Development of "safer" airbags by automakers is moving rapidly. While years of field experience have demonstrated that the previous generation of airbags provided substantial safety benefits to customers, in some cases they also caused serious or even fatal injuries to occupants who were unbelted and/or too close to the deploying air bag - especially children and infants in rear-facing car seats. Manufacturers are actively developing so-called "smart" or "advanced" airbags that are able to tailor deployment based on crash severity, occupant size and position, or seat belt use. These bags should eliminate the risks produced by current air bag designs.

"The first generation of crash sensors allowed for the determination of whether or not the severity of the collision warranted the deployment of an airbag," explains Dr. Chin-Yao Chan 1, a researcher with the Institute of Transportation Studies at the University of Berkeley and Society of Automotive Engineers (SAE) Industrial Lecturer on Sensor Technology. "The next generation of occupant restraint systems, which is equipped with occupant sensing devices, goes beyond this and provides weight sensors under the seat or infrared or ultrasonic sensors or other devices that can capture more information about the type of occupant, the position of the occupant, whether there even is an occupant in the seat, the proximity of the person to the airbag module and so on."

Prior to working with the Institute of Transportation Studies, Chan worked for Breed Automotive Corp. and Automotive Technologies International where he was responsible for the analysis, design, and testing of crash sensors. From there he worked for Forensic Technologies International in the area of accident reconstruction. He has participated in numerous technical investigations of real-world vehicle crashes; he is a co-inventor of a U.S. patent, "Passenger Compartment Crash Sensors," U.S. Patent #5,155,307 and the author of Fundamentals of Crash Sensing in Automotive Air Bag Systems. "Through my affiliation with SAE, I have been able to continue to keep up with the latest information in Sensor technology."

The National Highway Traffic Safety Administration (NHTSA) has a legislative mandate under Title 49 of the United States Code of Federal Regulations Motor Vehicle Safety, to issue Federal Motor Vehicle Safety Standards (FMVSS) and Regulations to which manufacturers of motor vehicle and equipment items must conform and certify compliance. FMVSS208, Occupant Crash Protection, originally specified the type of occupant restraints (i.e. seat belts) required. It was amended to specify performance requirements for anthropomorphic test dummies seated in the front outboard seats of passenger cars and of certain multipurpose passenger vehicles, trucks, and buses, including active and passive restraint or airbags. Beginning in 2004, 35% of each manufacturer's fleet sold in the U.S. must be equipped with advanced airbag systems, with the number increasing to nearly 100% by 2006. FMVSS208 specifically requires airbags to be designed that are more effective for a broader range of occupant weights. "FMV208 has brought about several kinds of changes," comments Chan. "Automobile manufacturers and other related industries are suddenly asking themselves; how do we make the airbag sensitive to the type of occupant sitting in the seat? And, how do we deploy them without causing deaths or injuries? So it was just a couple of years ago that changes to the regulations brought about a whole new definition of airbags."
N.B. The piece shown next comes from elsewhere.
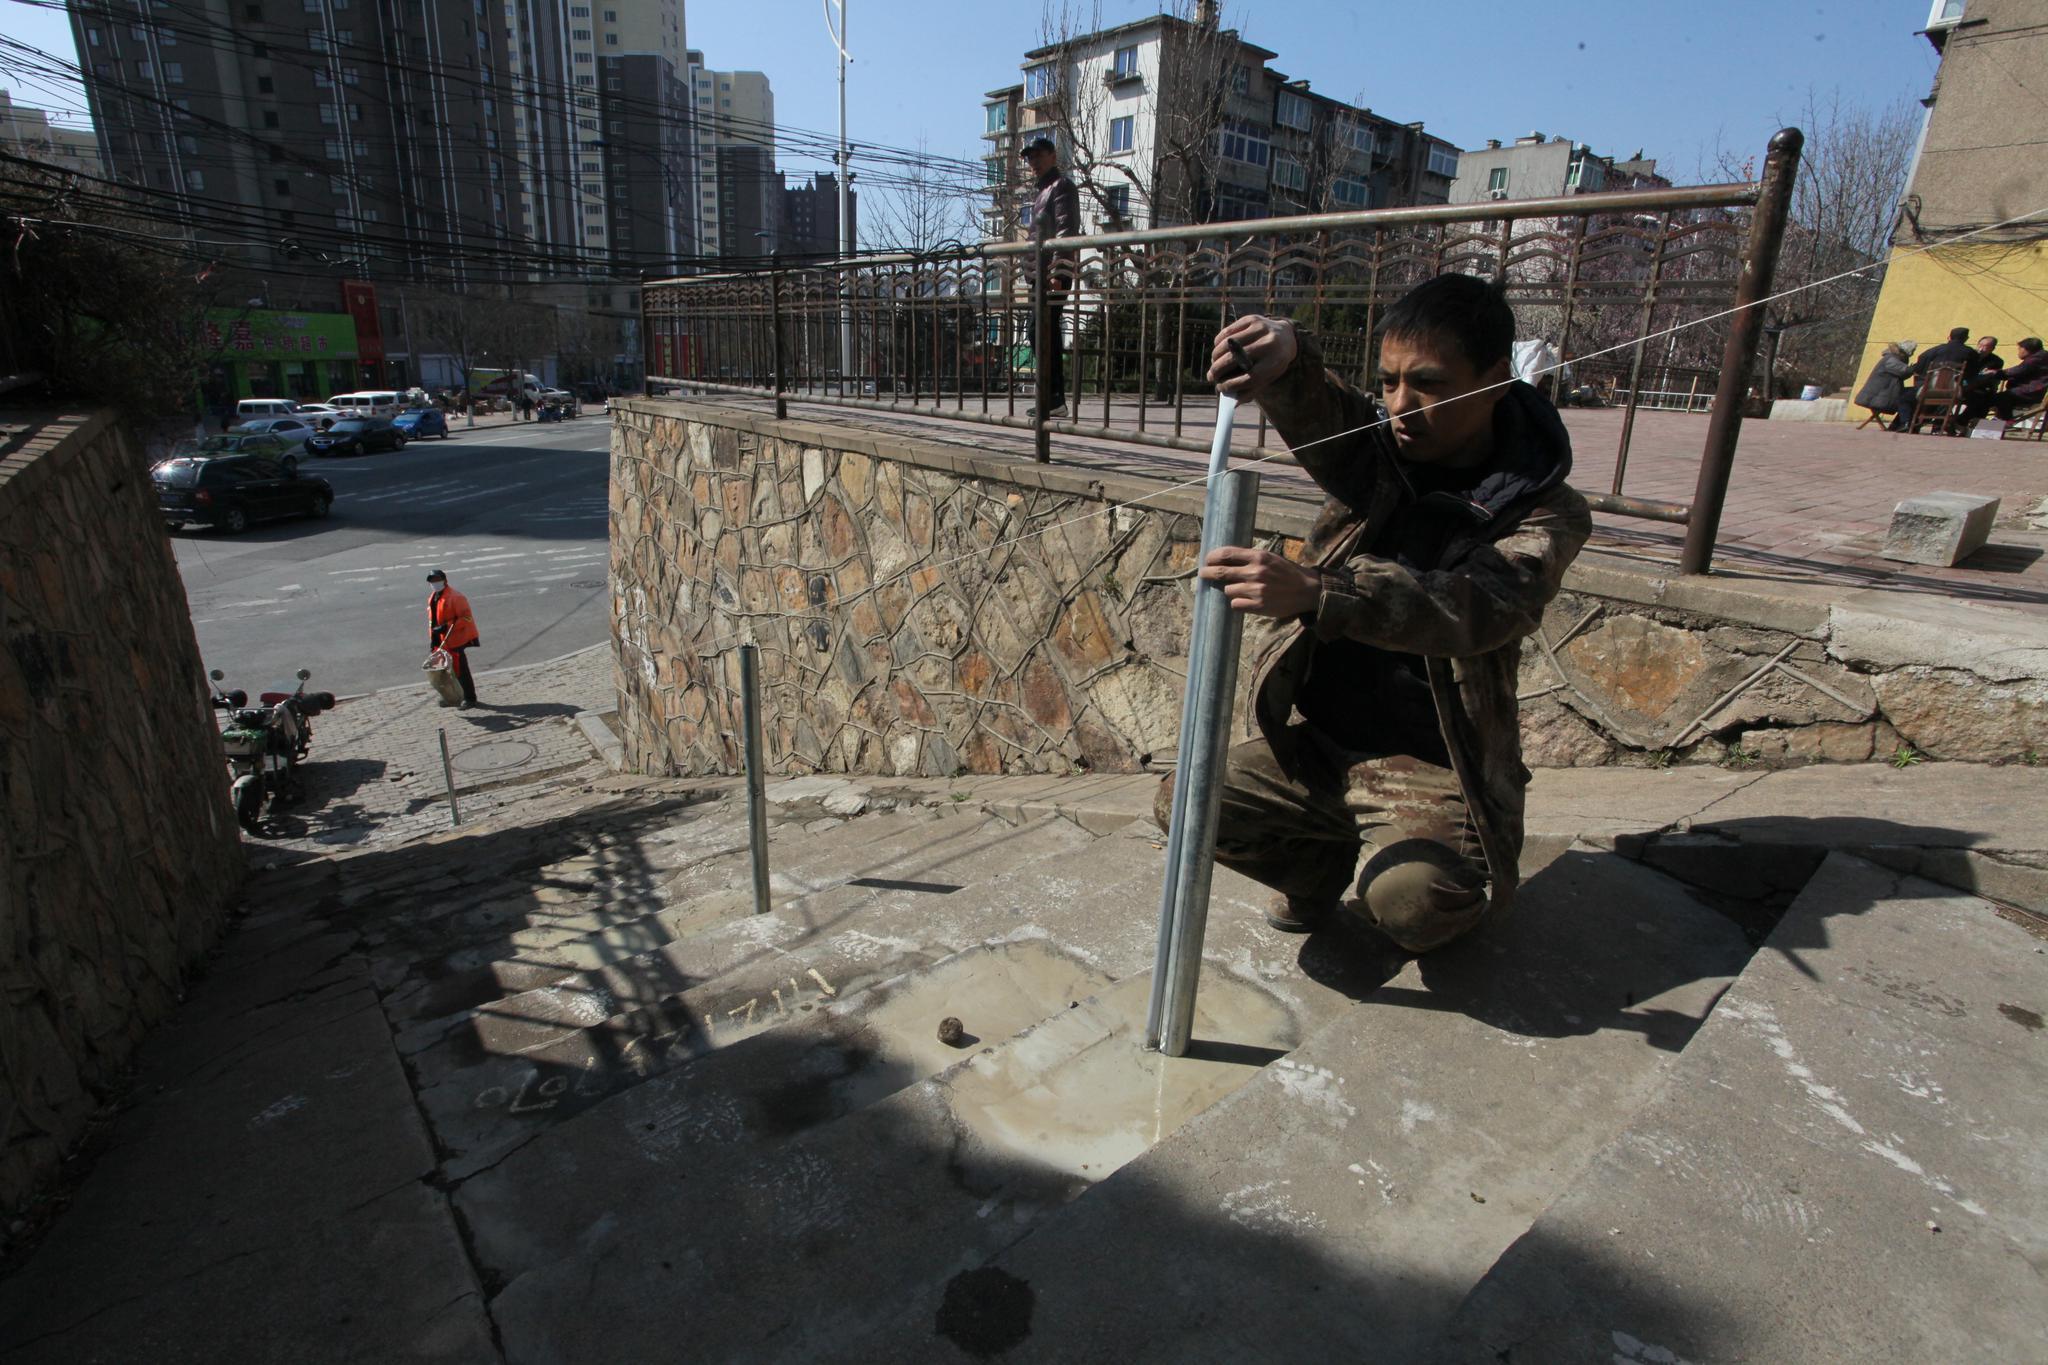 50米扶手和栏杆安好 居民不再怕滑倒

Airbags are, upon activation, filled with gases becoming from inflators. These are essentially devices, which many manufacturers have designed with a smaller amount of propellant. The new generation of inflators is designed to fulfill the performance requirements of smart airbags. The inflators must be capable of providing different levels of energy release for optimal occupant protection. "Accidents are being measured at different energy levels. A major accident would want all the energy the airbag has to be deployed," says Chan. "In a milder accident, you may only want to deploy part of that energy. Therefore, there is a cushion sufficient enough to protect the occupant and yet the person is much less likely to be injured by its deployment."

A number of automakers are presently responding to this need by equipping vehicles with side airbags. These airbags are designed to deploy from the doors, seats, or pillars. Yet, other automakers have gone one step further with side window airbag curtains that drop down from the roofline above the doorframe to protect occupants from intrusion, splintering glass and side window ejection. "The vehicle safety system will always demand a higher and higher standard regardless of how smart the current system is and the intelligent airbag will just become an integral part of a friendly vehicle interior," comments Chan. "So technology is being developed to not only focus on how to make the vehicle interior better able to protect the occupant, but it is focusing on how to equip the exterior of the vehicle with technology such as adaptive cruise control systems and other 'smart' devices that will avoid an accident altogether."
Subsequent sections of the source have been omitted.